2 minute read

Het Laatste Oordeel van Jheronimus Bosch

Jheronimus Bosch, Laatste Oordeel, circa 1500, olieverf op paneel, 98,7 × 110,7 cm, Brugge Groeningemuseum © Lukasweb – Art in Flanders

Advertisement

Minister van Staat August Beernaert (1829-1912) was niet alleen een groot staatsman maar ook een eminent kunstverzamelaar. Zijn portret, geschilderd door Jacques Lalaing en in 1908 aangekocht door de eerste Vriendenvereniging, siert echter om meer dan één reden de inkomhal van het Brugse Stadhuis. — Door Rudy De Nolf

Bij de voorbereiding van de grote tentoonstelling van Vlaamse primitieven in Brugge in 1902, kreeg Beernaert veel sympathie voor het project én voor tentoonstellingscommissaris baron Henri Kervyn de Lettenhove. Toen deze laatste met een Société des Amis des Musées de Bruges startte, trad Beernaert op als beschermer. Hij was ook de eerste die via de net gestichte vereniging kunstwerken schonk. In 1907 kocht de minister in de kunsthandel een aan Jheronimus Bosch toegeschreven drieluik met het Laatste Oordeel. In 1912 werd het drieluik per testament via de Vriendenvereniging aan de Stad Brugge geschonken.

Toeschrijving In de loop van der jaren werd de toeschrijving aan Bosch meermaals in vraag gesteld. In 2016, naar aanleiding van de 500ste verjaardag van Bosch’ overlijden en de daarbij horende tentoonstellingen, werd het drieluik grondig gereinigd en gerestaureerd door Griet Steyaert. Het Bosch Research and Conservation Project nam, met de steun van de Vrienden van Musea Brugge, een belangrijk deel van de financiering op zich. Na een microscopische studie concludeerde de werkgroep dat het om een authentiek werk van Jheronimus Bosch ging, met enige inbreng van zijn atelier geschilderd tussen 1495 en 1505. Dankzij de restauratie is ook de zwaar beschadigde grisailleschildering met de Doornenkroning op de buitenzijde van de luiken weer gedeeltelijk zichtbaar.

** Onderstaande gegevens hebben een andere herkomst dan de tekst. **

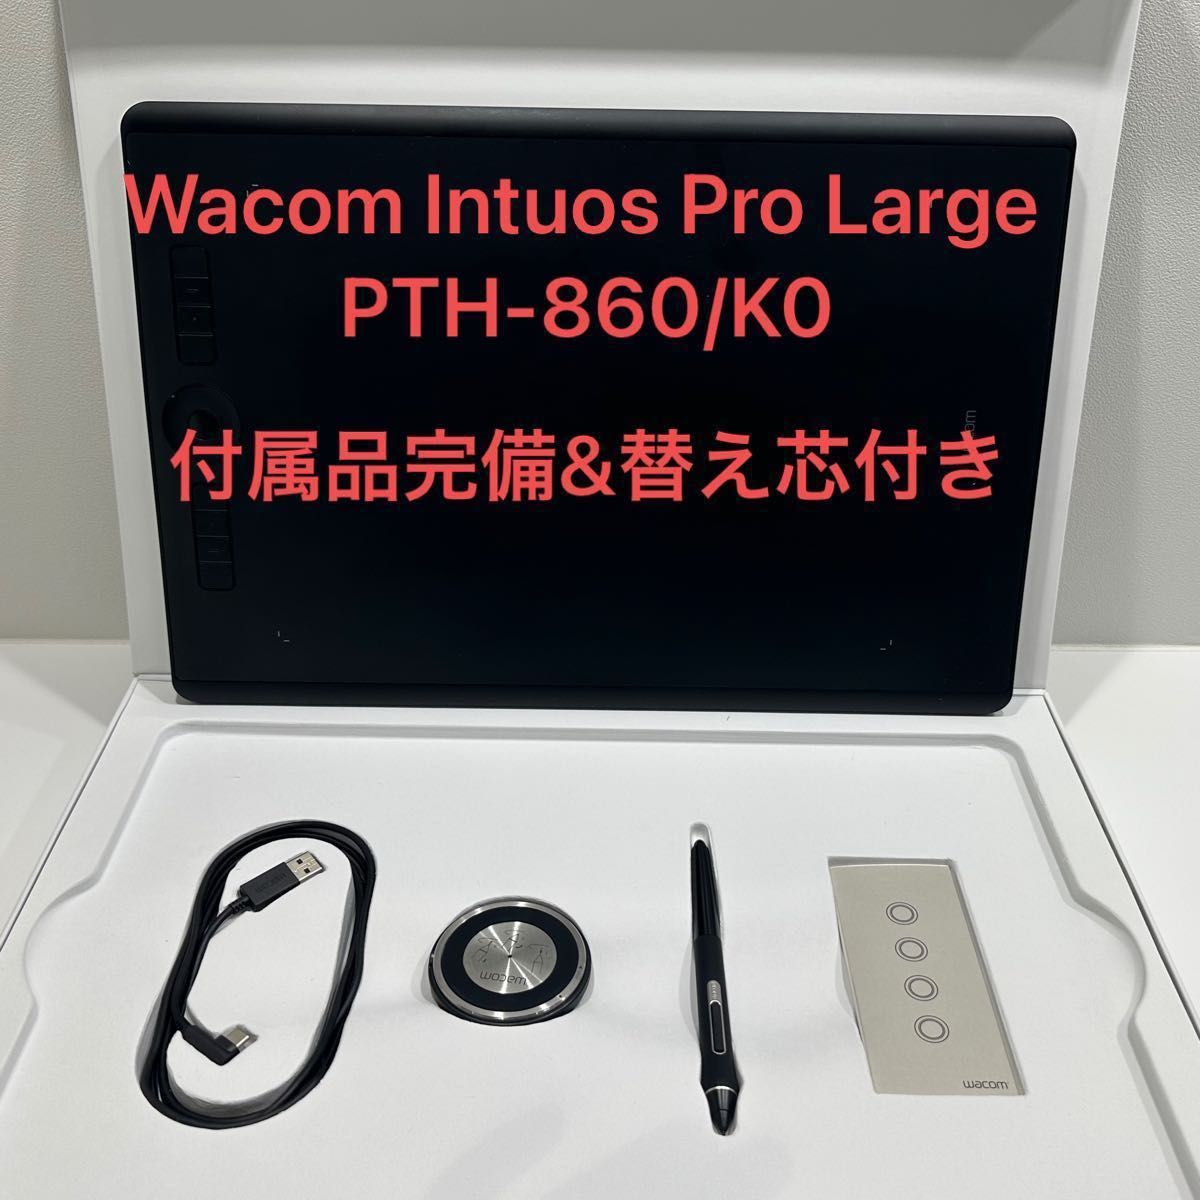 www.altawfer.com - Wacom Intuos Pro Large (PTH-860 K0) ワコム ペン

Het einde der tijden Het geopende drieluik blijft intrigeren. Op de buitenluiken zijn het paradijs en de hel te zien. Op het middenpaneel beleven we het einde der tijden. Onderaan heerst totale chaos: de maat der dingen is helemaal zoek, de meest bevreemdende wezens bevolken de aarde. Bovenaan verschijnt Christus om recht te spreken, omringd door engelen met bazuinen en geknielde apostelen. De

klassieke weergave, met Maria en Johannes de Doper aan de zijde van Christus, werd niet gevolgd.

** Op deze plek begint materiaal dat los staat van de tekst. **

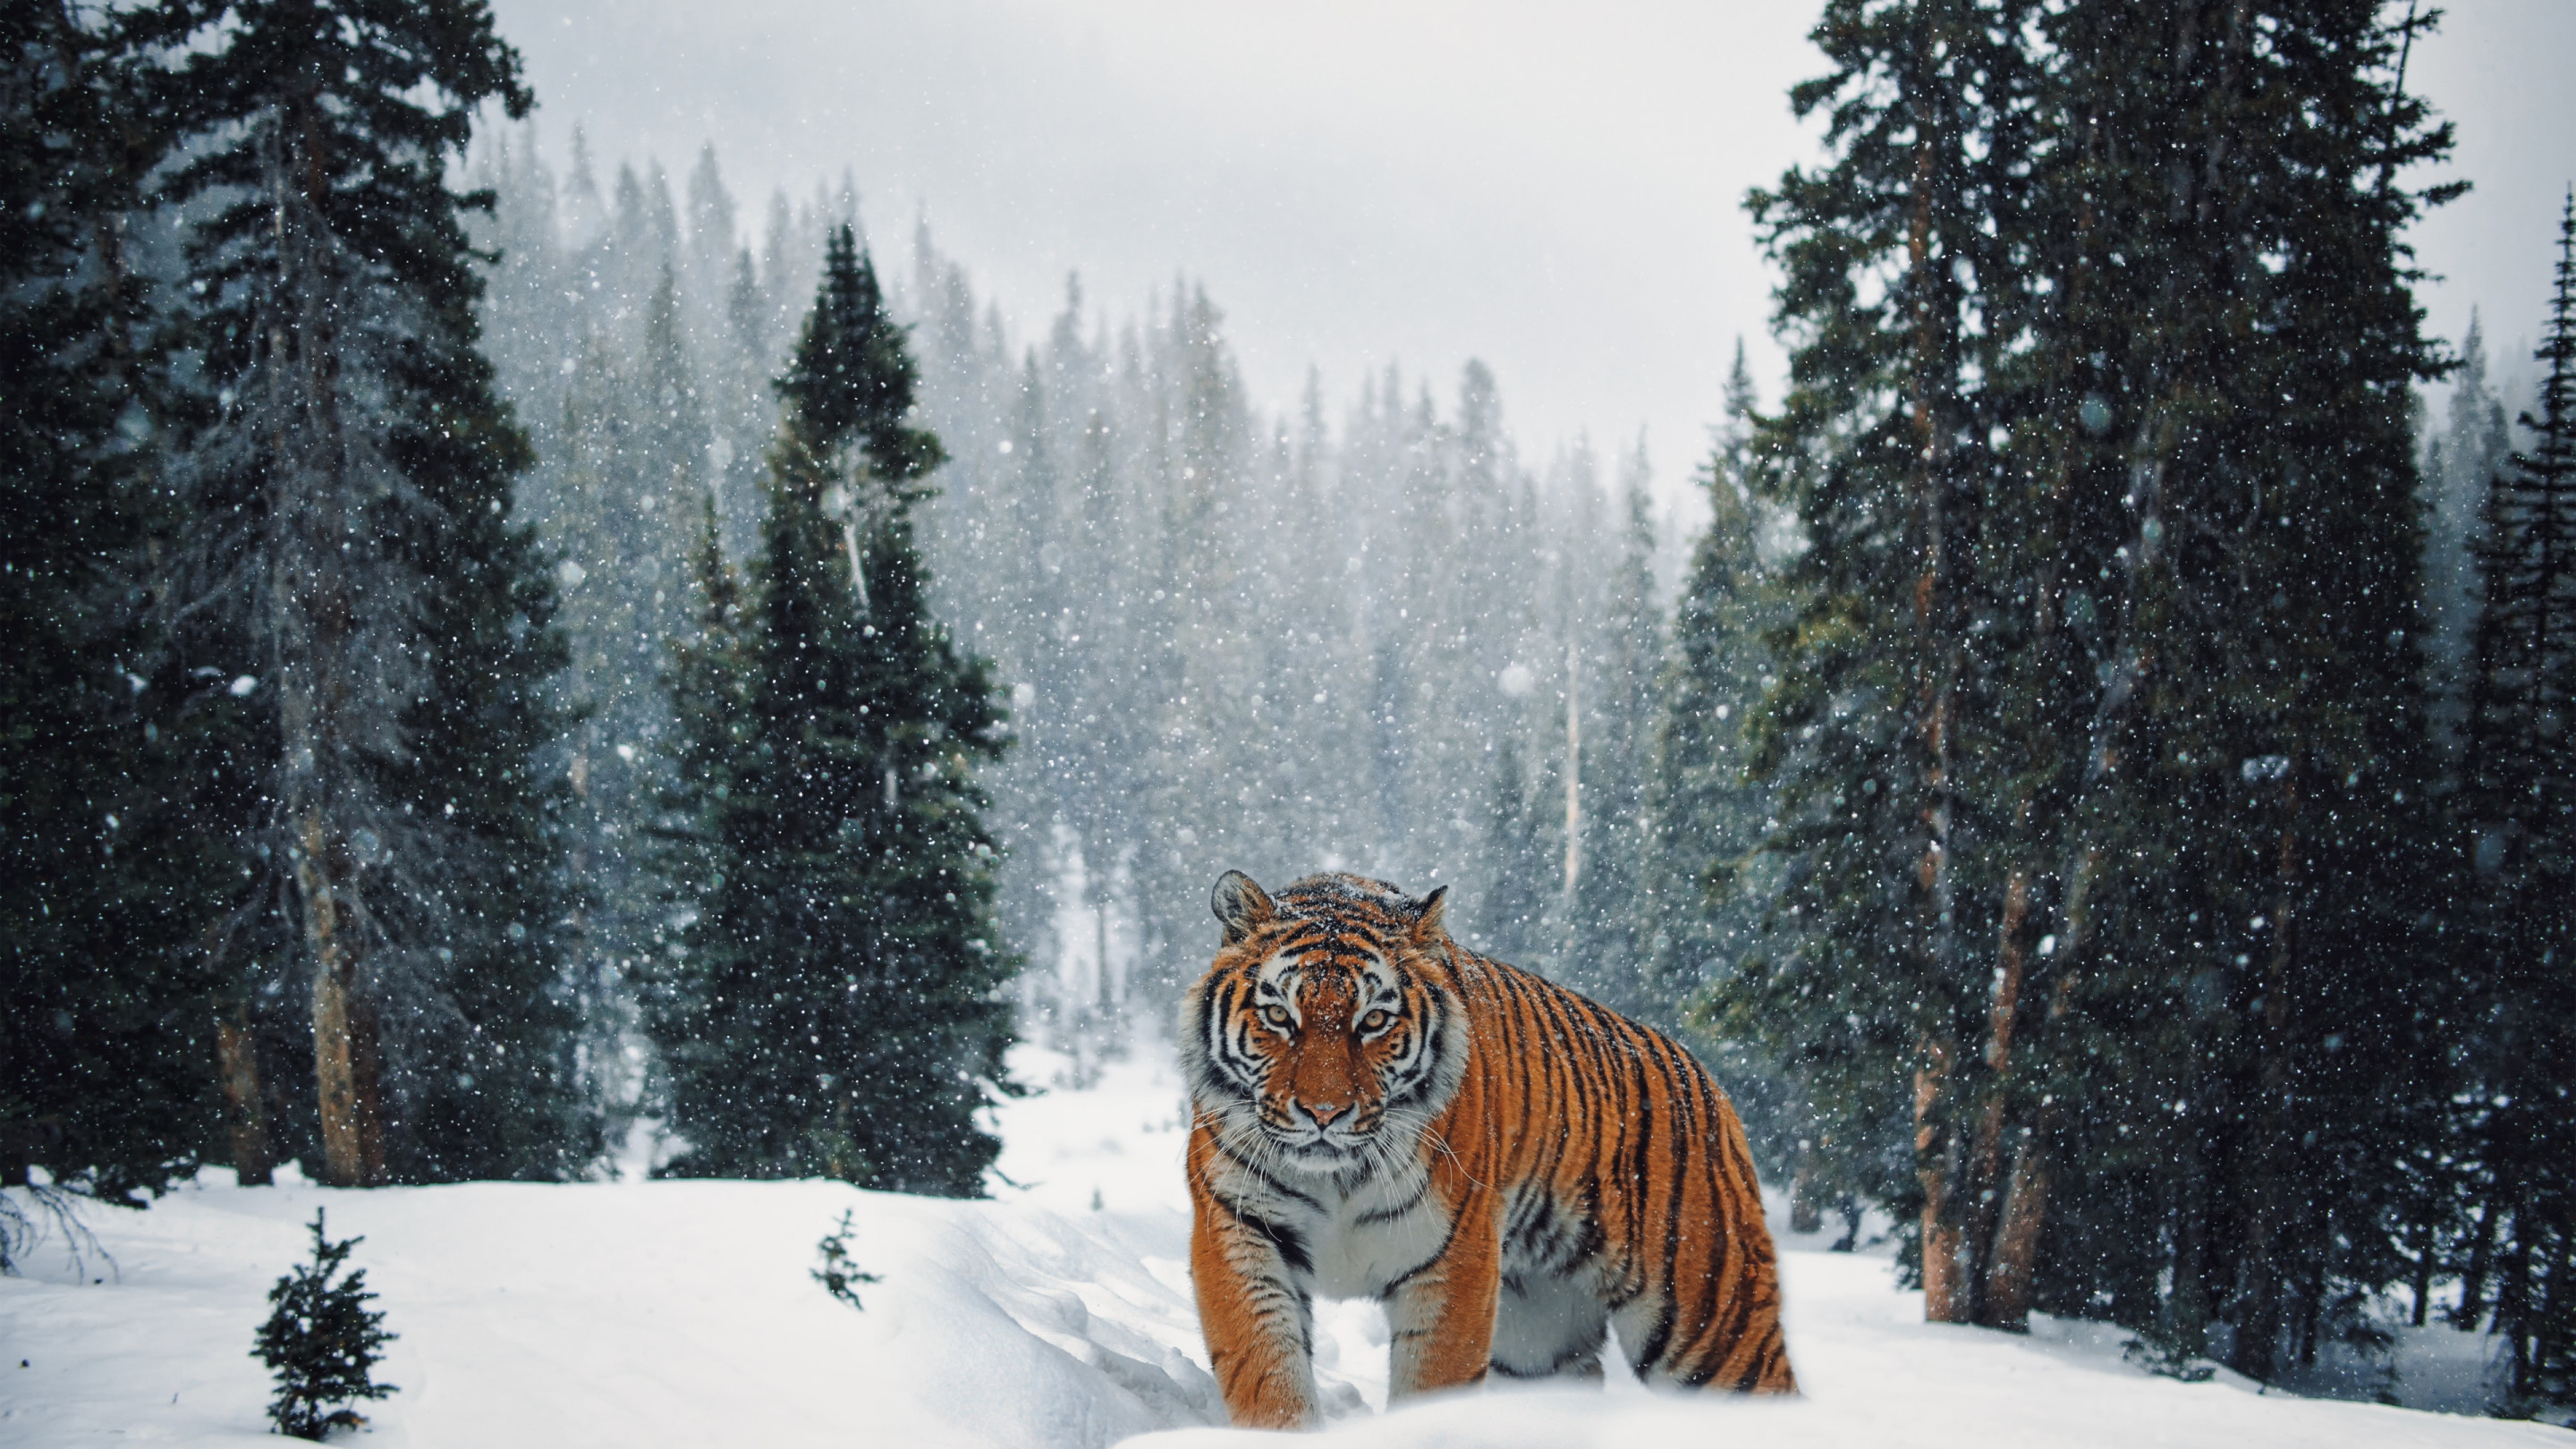 Siberian Tiger in Winter landscape wallpaper 2880x1620

Met de voorstelling op het onderste gedeelte wijkt Bosch nog verder af van de traditionele iconografie waarin engelen de gelukzaligen naar de hemelpoort leiden en duivels de verdoemden naar het hellevuur slepen. Hier loopt de hel verder op het middenpaneel. Op de achtergrond gaat een versterkte stad in vlammen op. De groteske taferelen op de voorgrond stellen de ondeugden voor die heersen over de wereld. Zij laten geen twijfel bestaan over de slechte afloop van dit Laatste Oordeel. Een perfecte illustratie van het vijftiende-eeuwse fin-desiècle pessimisme. Vandaag is dit merkwaardige topwerk opnieuw in zijn volle glorie te bewonderen in het Groeningemuseum. Dat onze Vriendenvereniging zowel bij de verwerving als bij de restauratie een belangrijke rol heeft gespeeld, vervult ons met fierheid.

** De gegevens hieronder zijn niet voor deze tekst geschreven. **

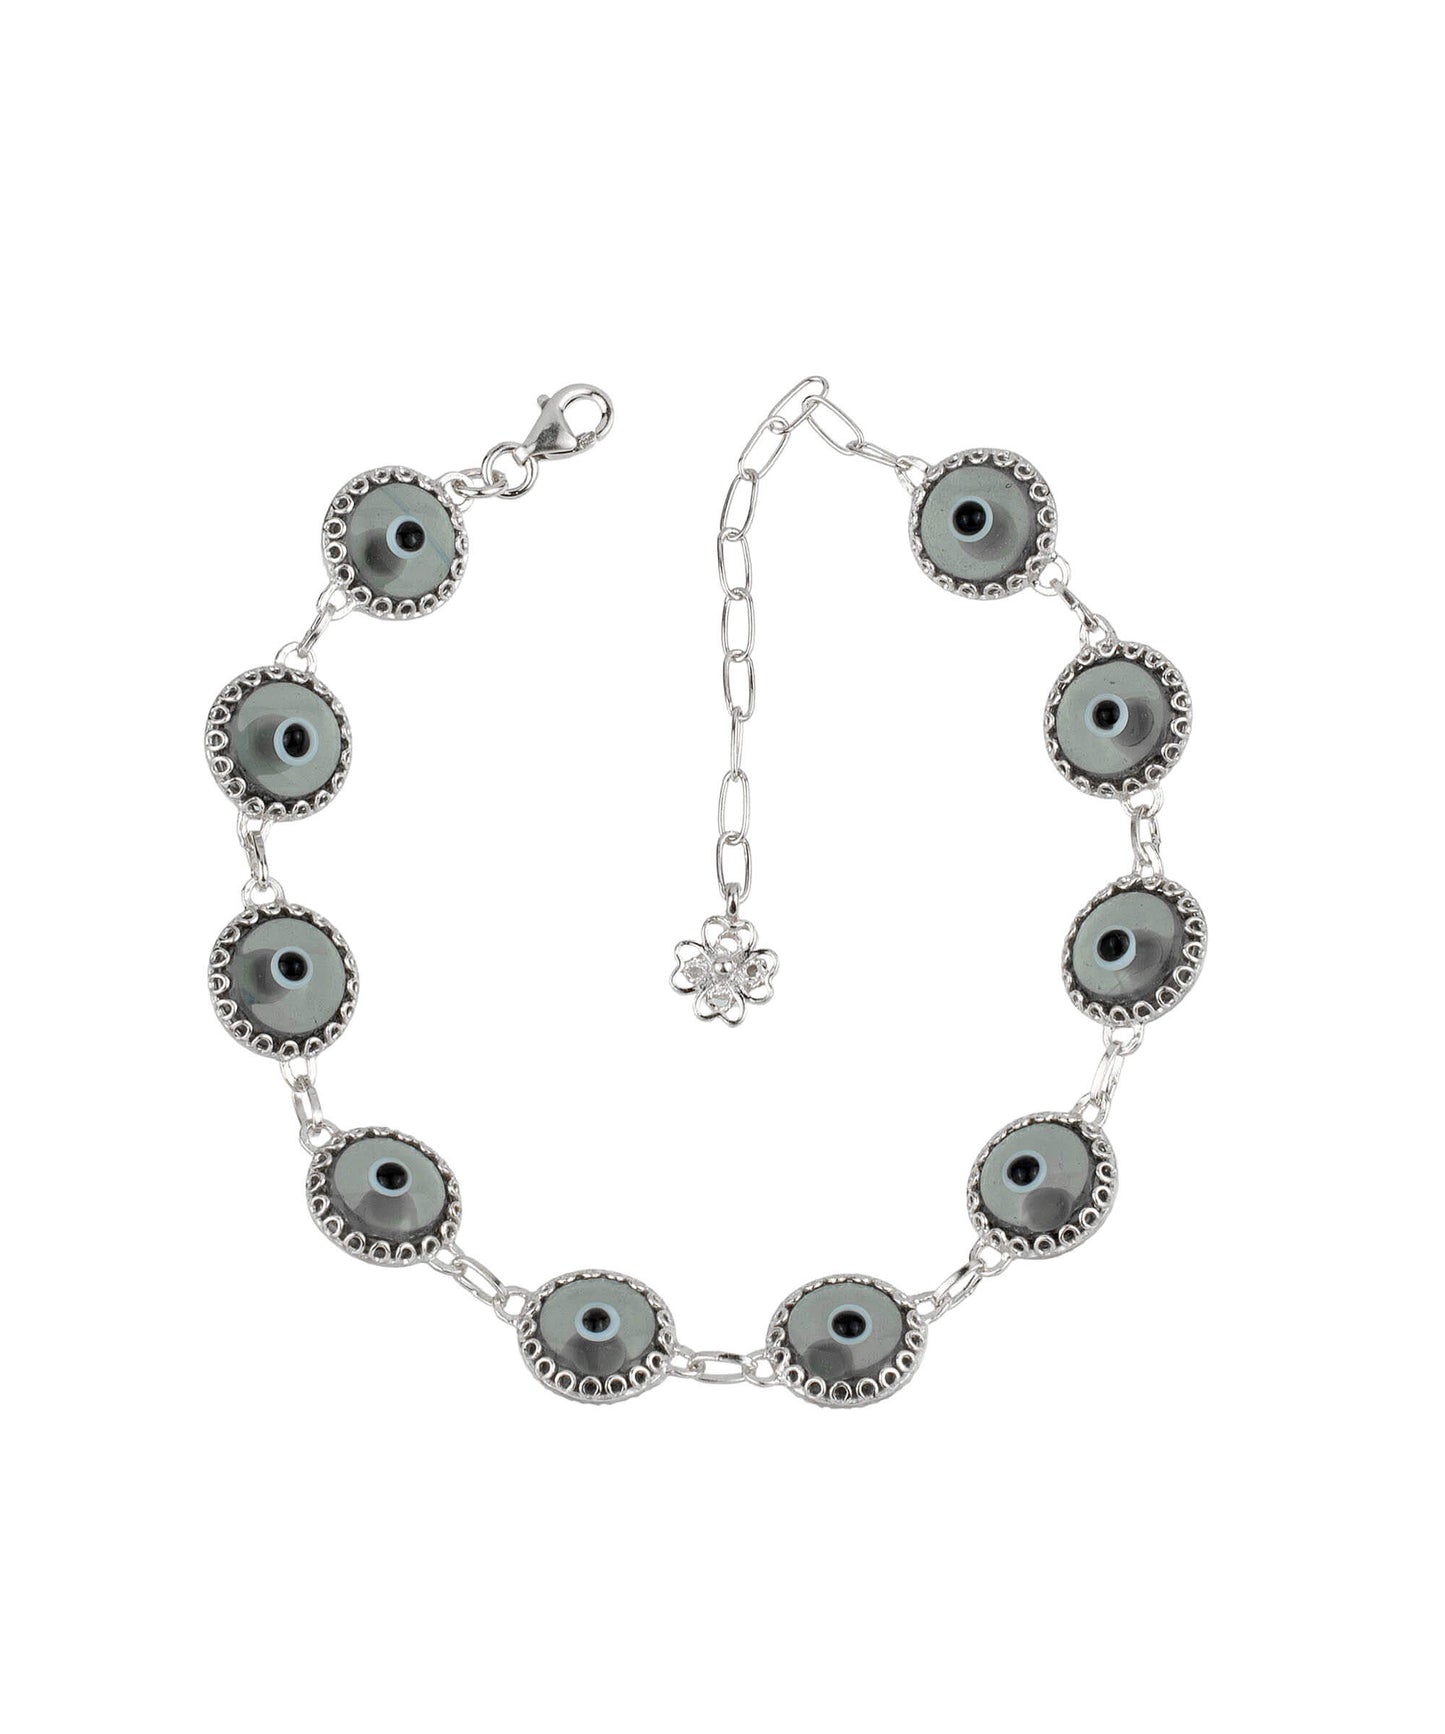 Smokey Evil Eye Woman Sterling Silver Adjustable Link Bracelet

Bibliografie — M. Ilsink & J. Koldeweij, Jheronimus Bosch, Visioenen van een genie, Brussel, Mercatorfonds, 2016. — J. Koldeweij, P. Vandenbroek, B. Vermet, Jheronimus Bosch, Alle schilderijen en tekeningen, Antwerpen, Ludion, 2001. — T.-H. Borchert, Bosch in detail, Antwerpen, Ludion, 2016.